Amidst the immensity of the location, and the overwhelmingly powerful music, de Mey manages to create a sense of texture and intimacy through moments of stillness and silence captured in visual and aural close-ups of the body as it meets the ground.30 For Walon, the fact that "the dancers—who represent two fauns—are solidly grounded on the floor as they walk on all-fours, roll-up, and rub their bodies on the sandy expanse, suggests, especially through the sounds produced by these contacts, the roughness and dryness of the site."31 As their limbs scrape the salty and dusty surface of the land the camera catches the tension through frequent close-ups. The blinding light casts sharp shadows marking the soil with another trace of their incongruous bodies. This is a no-man's land par excellence. Where there once was a sea, there now are these two bodies skimming the soil like fish out of water. This environmental story of disappearance is found in the tactile link between skin and dust: the water has gone and soon, too, the bodies will vanish.
Menuett (2011) – Moss
Set in a peat marsh in Malax, Finland, Jukka Rajala-Granstubbon's film begins with an inter-title that explains that when the traditional French minuet arrived in Finland it suited the Finish "forest" people well though it allowed only the hands to touch. The text draws our attention to tactility before we discover any images. The film opens on a close-up of moss and two bare feet step into it gently. The material comes first, the body second. A leg extends into the frame and leads us into this landscape filled with rich textures. The face of a female performer appears from behind a tree branch, keeping nature in the frame as much as the human body.
Four dancers come together to perform a modified minuet. This wild setting immediately seems unusual for such a formal dance yet it incorporates the local textures through close-ups of bare feet sinking into the ground. The two couples playfully dance, at times letting themselves fall backwards into the soft moss, their linen costumes becoming damp. The sounds of the squishy ground and the visible traces of its moisture on the costumes of the dancers draw the viewer's attention to the substance: through its material properties this landscape absorbs the dance. Mia Wiik's choreography incorporates frequent moments of touch between the dancers, moving beyond the boundaries of the traditional minuet, as if the invigorating setting triggered tactile explorations. Heads lean against each other, hands meet, and shoulder blades rest on their partner's back. On this spongy earth the body can fall without harm, feet sink in with joy and the "forest" people seem at home. By transposing a minuet to a peat bog the film pushes the choreography to exploit the new absorbent ground and develop a dance with a material that triggers a sense of tactile freedom and lets the body move with ease.

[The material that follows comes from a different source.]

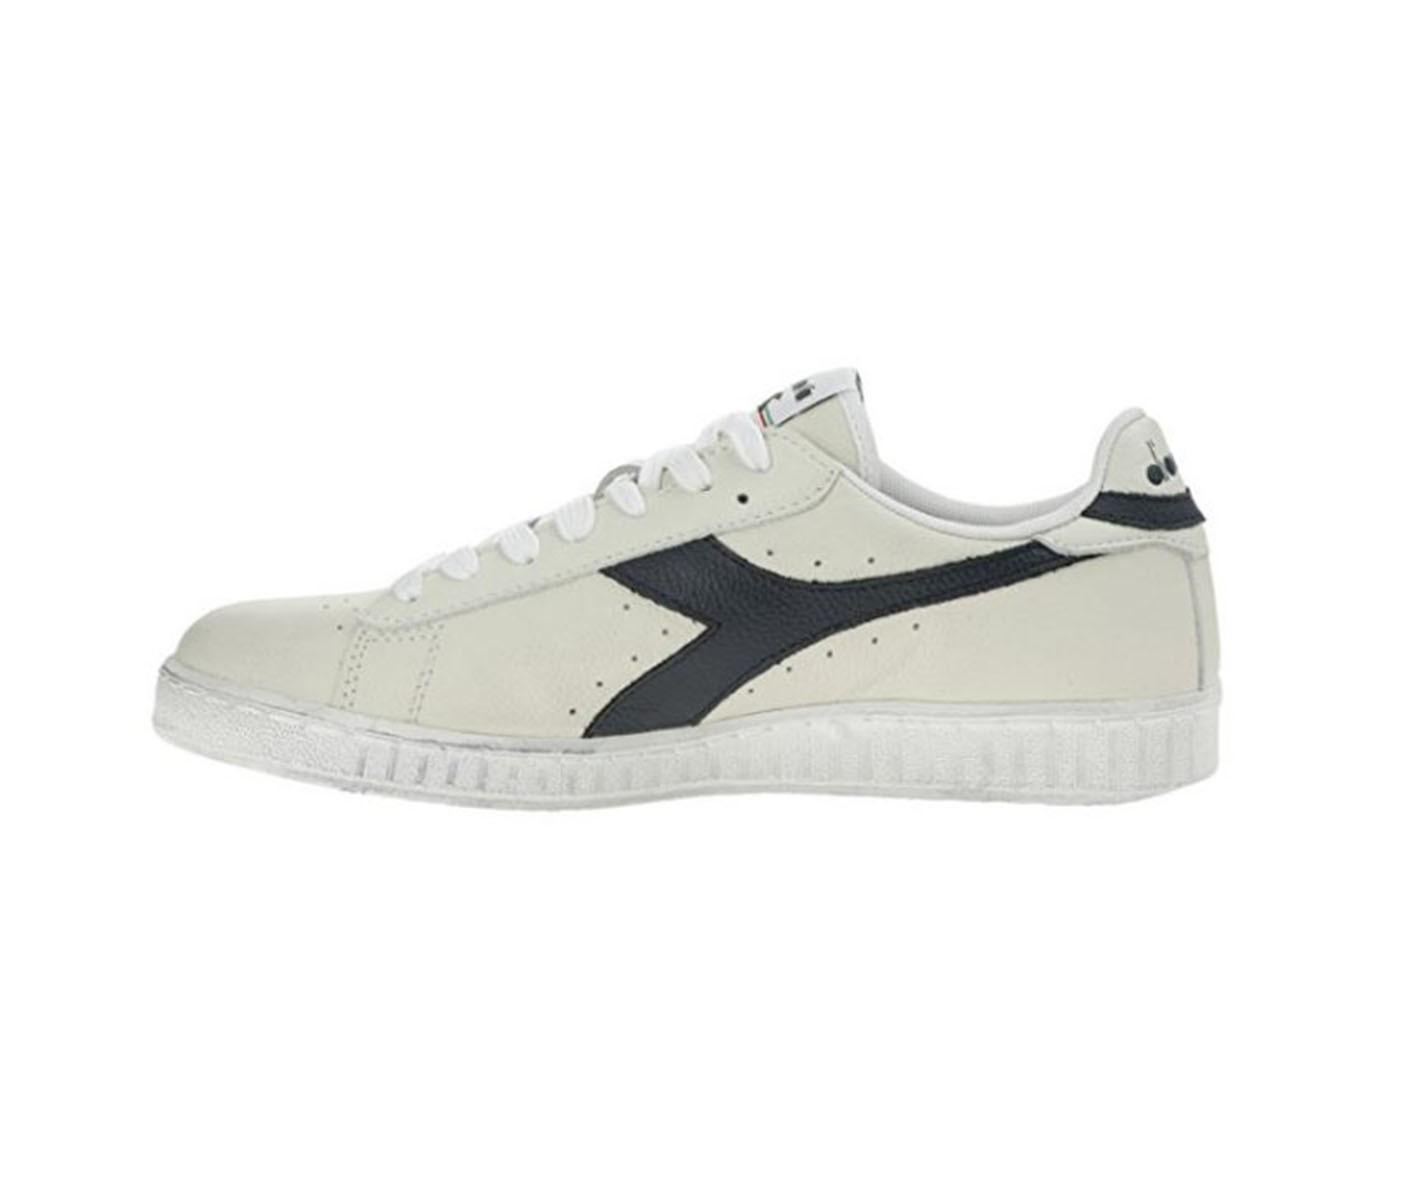 Scarpe uomo sneakers DIADORA GAME L LOW WAXED in pelle bianca  501.160821-C5262 d5281e1c4ce

1/6 D'après Obvie (2010) – Snow
Out of the series of six solos choreographed by Cindy Van Acker turned into six films by Orsola Valenti, the most material-specific is 1/6 d'après Obvie, set in a snowy field in the mountains of Switzerland. The opening shot is blurry, the falling snow makes the sky almost indistinguishable from the ground. Against this white background, a body clad in black snow gear rolls slowly on the ground, appearing hyper-visible in this monochromatic environment. In this sea of white, our only anchor is the dancing body.
As if rolling down a hill, the performer immerses her body in the material, like a child making snow angels. The choreography resembles a floor warm-up routine where the body slowly grows out of the floor, lifting sometimes a leg, sometimes an arm. As she moves slowly and continuously across this powdery texture, the snow clings to her clothes, accumulating in the folds of the fabric, creasing audibly. The use of direct sound captures the crunch that her body makes when it touches the ground and penetrates the material. An establishing shot reveals the solitary body in the landscape while a series of tighter close-ups focus on the imprint of her body on the snow. Rolling around in place, she marks the ground with her pelvis and back, creating a temporary dent in the thick substance. The falling snow flakes remind us that her trace will soon be covered, and the landscape will regain its pristine appearance.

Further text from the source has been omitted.